La seconda parte della storia parla, ovviamente, dei famosi UNICORNI - una famosa storia medievale, Fig.1.61. L'unicorno era presumibilmente un animale fantastico con un corno che spuntava dalla fronte. Con esso l'unicorno sconfiggeva con sicurezza tutti i nemici. Come abbiamo mostrato nel libro “Ricostruzione”, cap. 16:4.4, l'unicorno simboleggiava i cannoni medievali. Non c'è nulla di sorprendente. Le armi da fuoco, apparse alla fine del XIV secolo, impressionarono profondamente la popolazione dell'epoca e diedero origine a un gran numero di leggende e descrizioni fantastiche. Una di queste era il mito del potente UNICORNO. Tra l'altro, questo era il nome di un tipo di arma della Rus' dell'Orda. In seguito, tuttavia, la leggenda dell'unicorno fu "strappata" dal suo vero prototipo - il cannone - e il mito iniziò a vivere una vita indipendente, entrando nel regno della fantasia. Come abbiamo già discusso nel libro “Ricostruzione”, alcuni scrittori iniziarono a fare profonde vituperazioni sulle presunte proprietà curative delle “corna di unicorno”, ecc. È degno di nota il fatto che lo stesso filosofeggiare letterario del XVI-XVIII secolo si ritrova nelle pagine dell'“antico” Filostrato. Di conseguenza, queste sezioni del suo libro sono state scritte o redatte piuttosto tardi. Vale a dire, nell'epoca in cui la fonte primaria del mito dell'unicorno, cioè la verità sulle armi da fuoco, cominciò a essere coperta da una nebbia di oblio e fantasia. Ciò avvenne, molto probabilmente, non prima del XVI-XVII secolo.

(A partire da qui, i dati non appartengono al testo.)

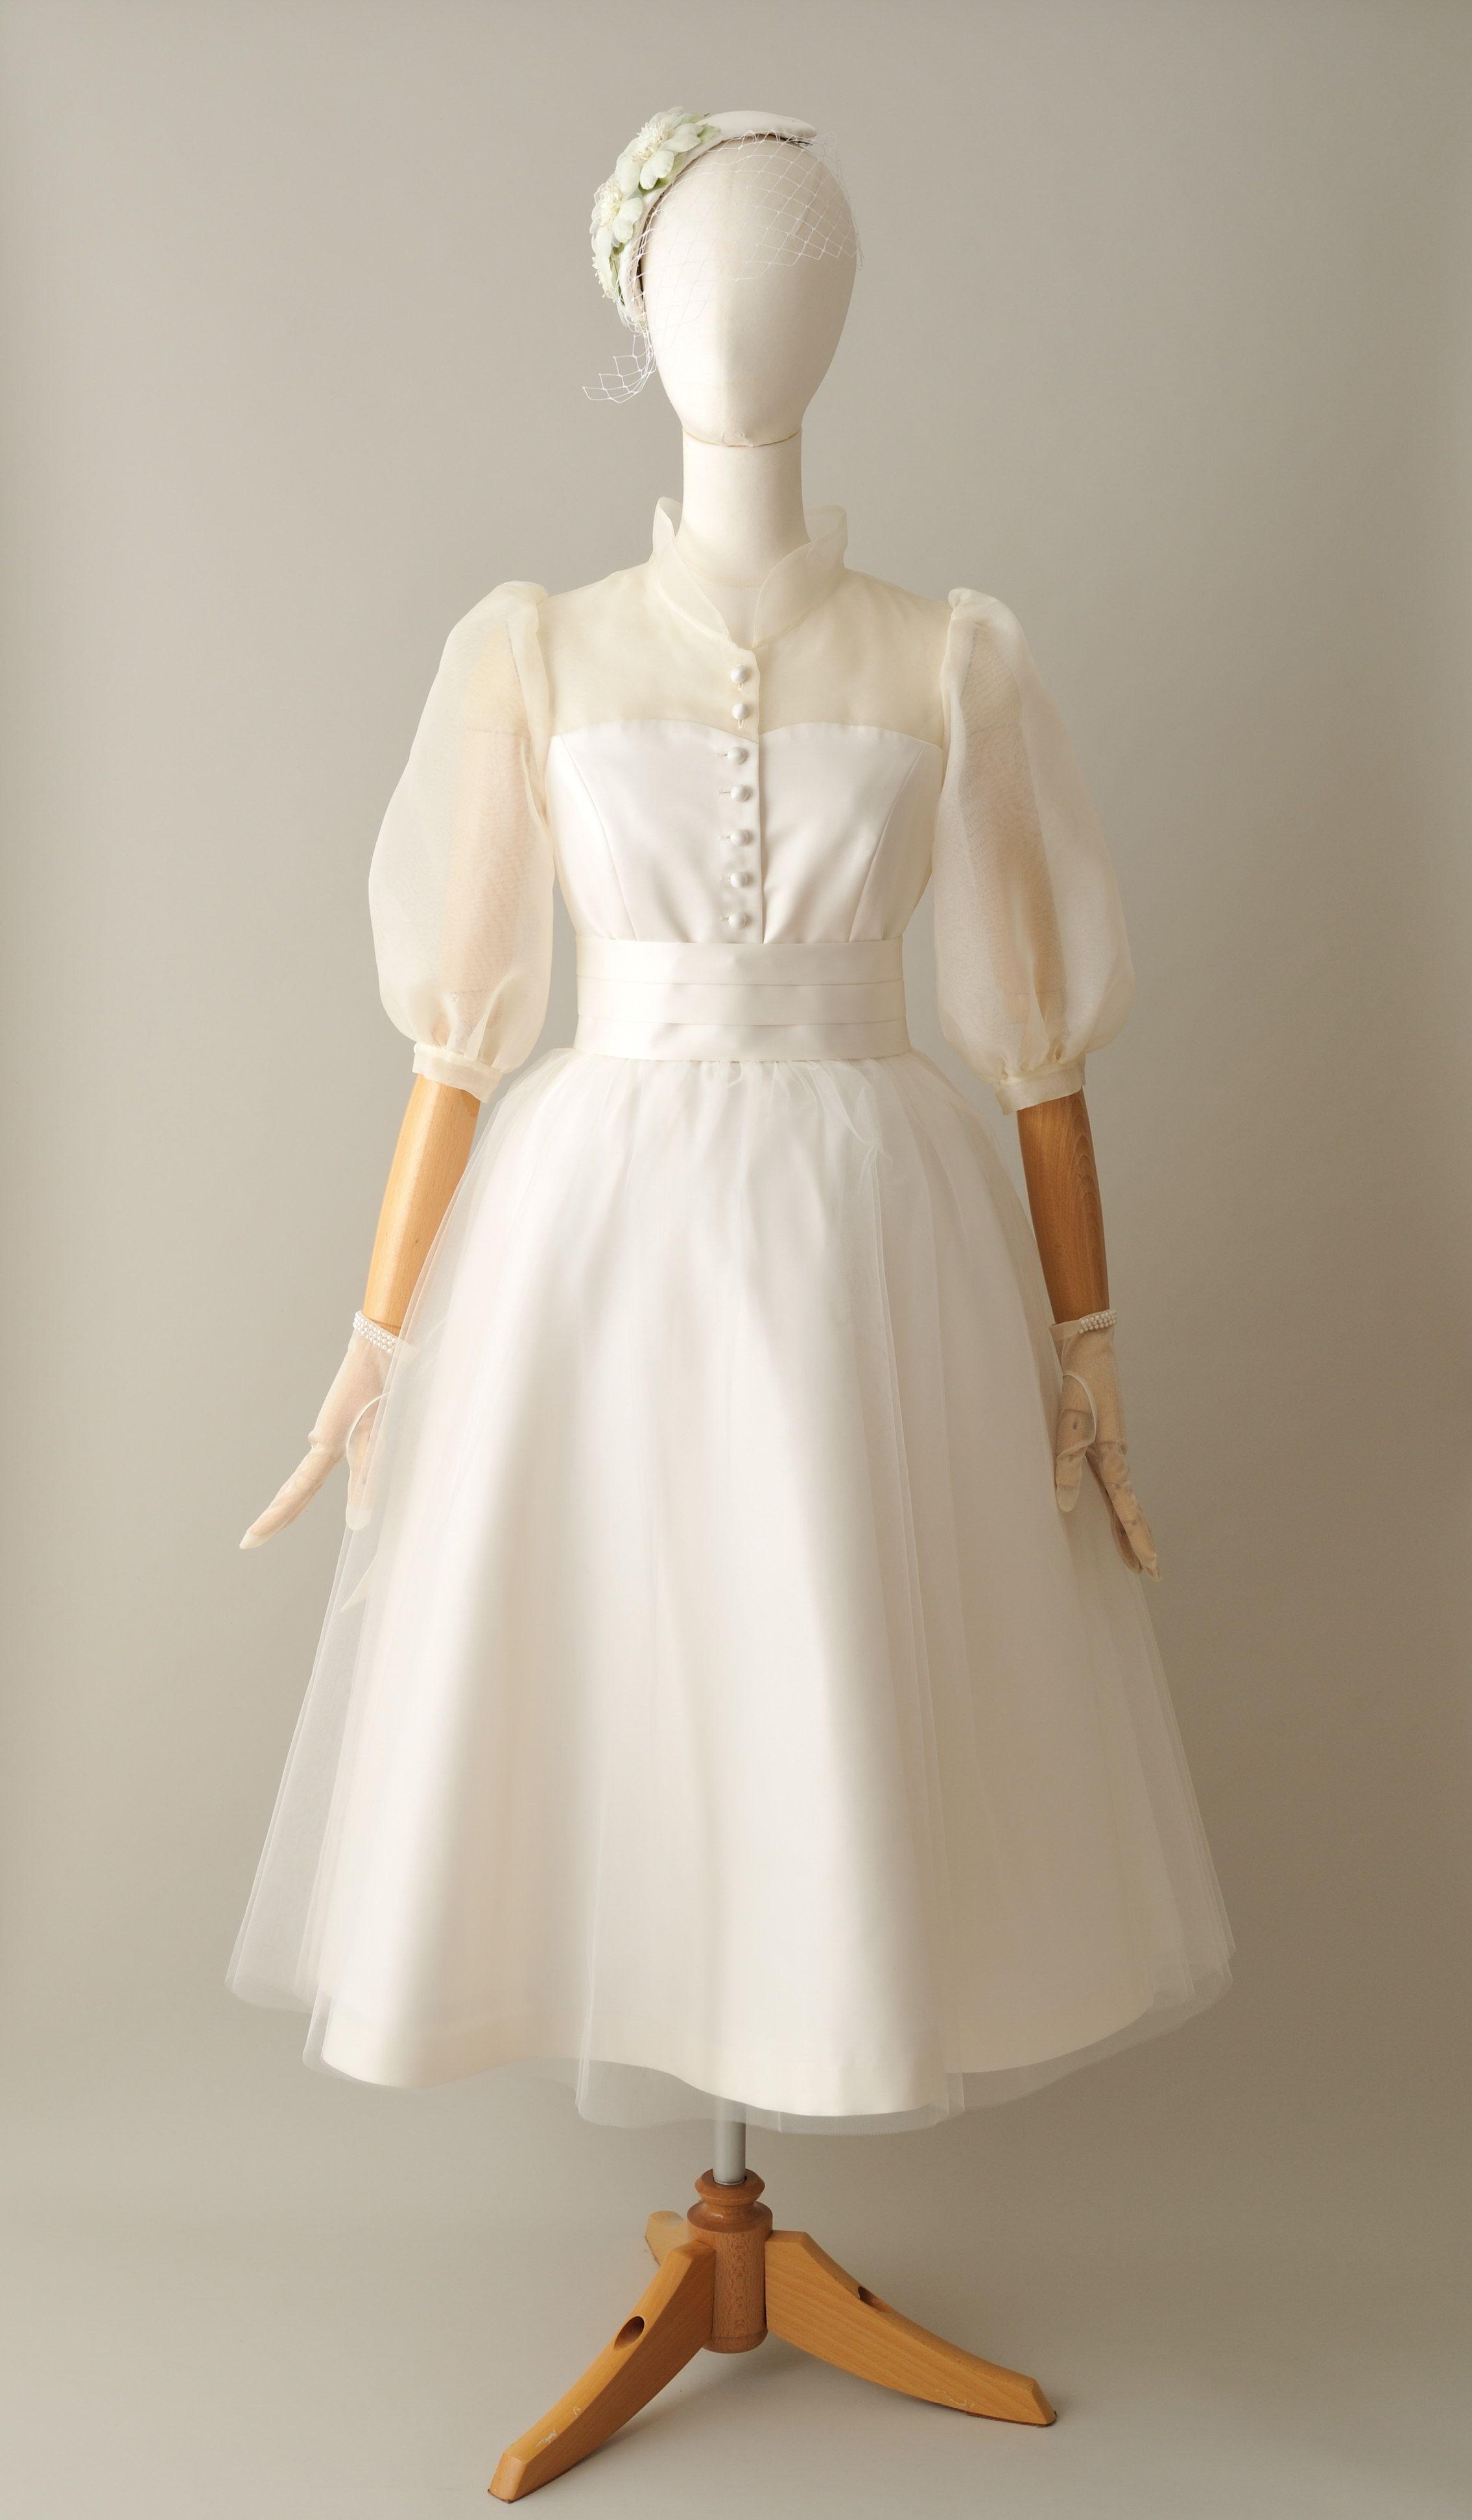 23035b480d9ba オードリー・ヘップバーンをイメージしたウェディングドレス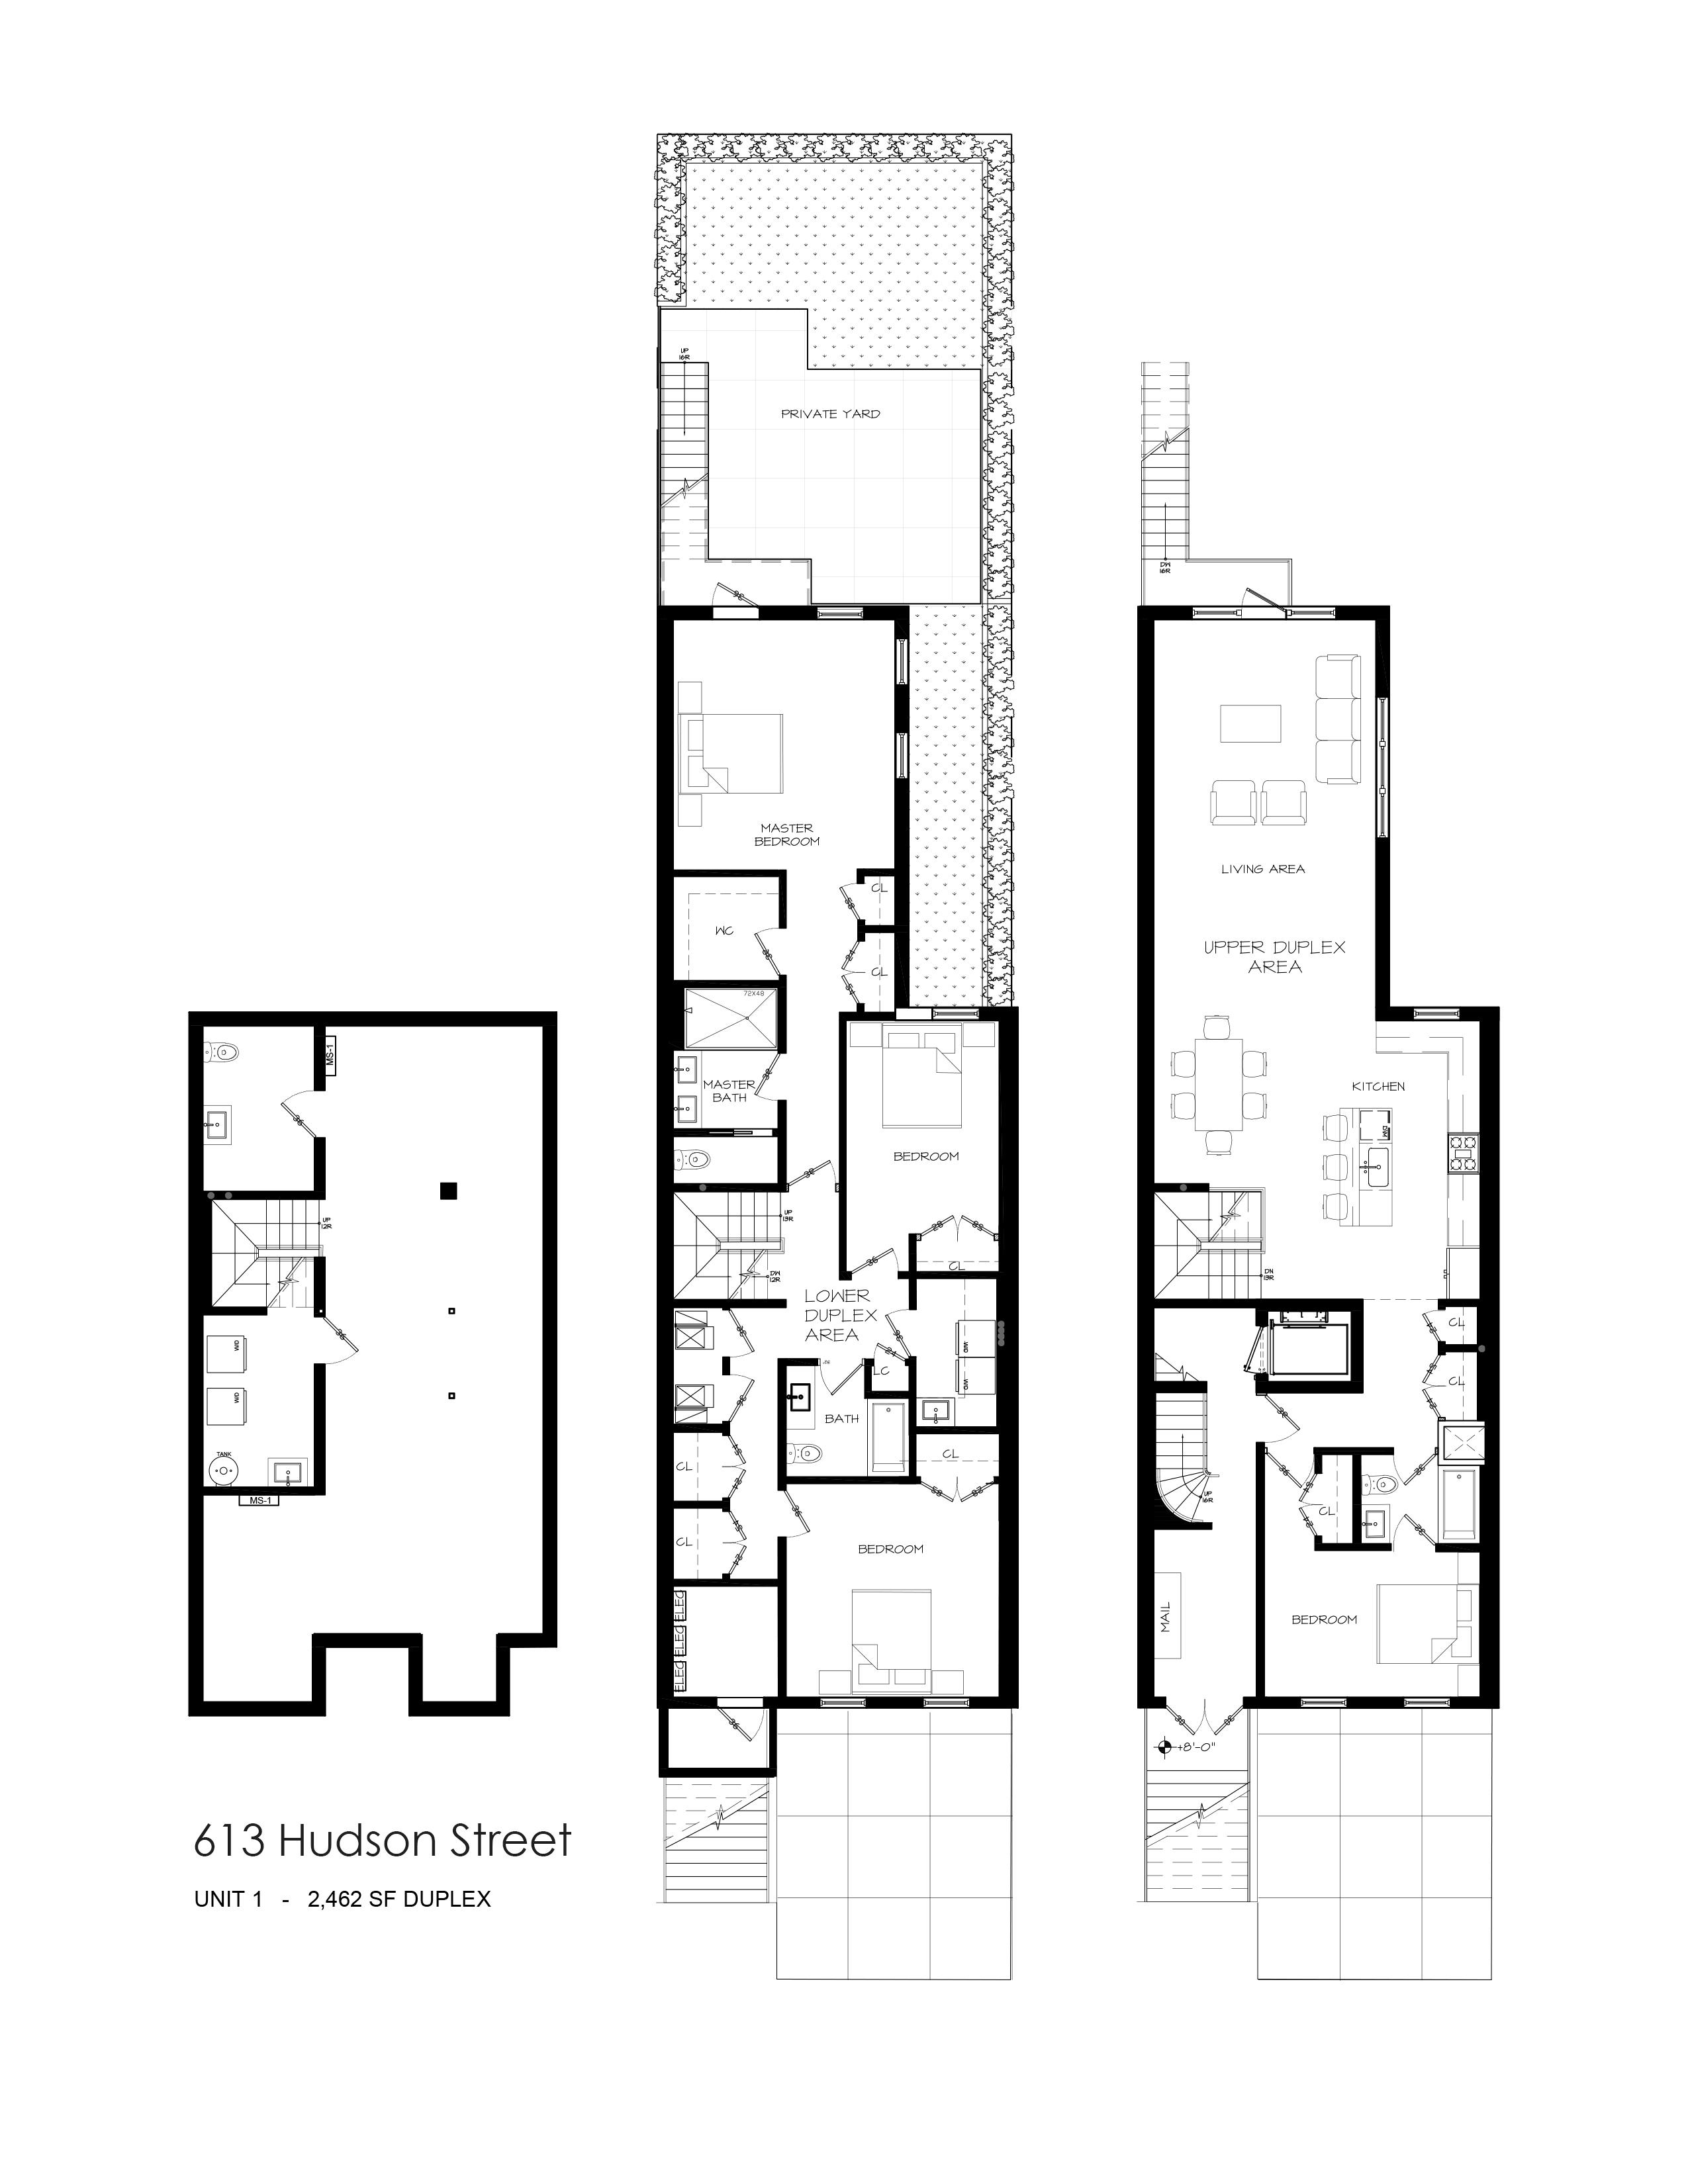 613 Hudson Unit 1

Non a caso, Filostrato cita gli unicorni proprio quando descrive l'India. Cioè, come ora comprendiamo, la Rus' dell'Orda. Infatti, i cannoni sono stati inventati nella Rus' dal monaco Sergio di Radonez, vedi il nostro libro "Il battesimo della Rus'".
Ecco un altro frammento sulle "armi da fuoco" tratto dal libro di Filostrato. Ad Apollonio viene mostrata un’altura fortificata dove vivono o hanno vissuto i saggi.
“La collina su cui sono insediati i sapienti, a quanto riferiscono, è alta a un dipresso come l'Acropoli di Atene, e si leva nel piano circondata per ogni parte da una roccia, che offre una fortificazione naturale. In vari punti di questa roccia si vedono impronte biforcute, e tracce di barbe e di volti e talvolta pure di dorsi, come di persone cadute. Si narra infatti che Dioniso, quando insieme a Eracle tentò di impadronirsi del luogo, ordinasse ai Pani di assalirlo, pensando che fossero in grado di reagire alla scossa; ma essi, fulminati dai sapienti, caddero alcuni in un modo, altri in un altro, e nelle pietre rimasero impresse le figure della loro sconfitta. Riferiscono poi di avere visto una nube intorno al colle, nella quale gli Indiani abitano in forma ora visibile, ora invisibile, a seconda del loro volere.” [876:2a], p.55.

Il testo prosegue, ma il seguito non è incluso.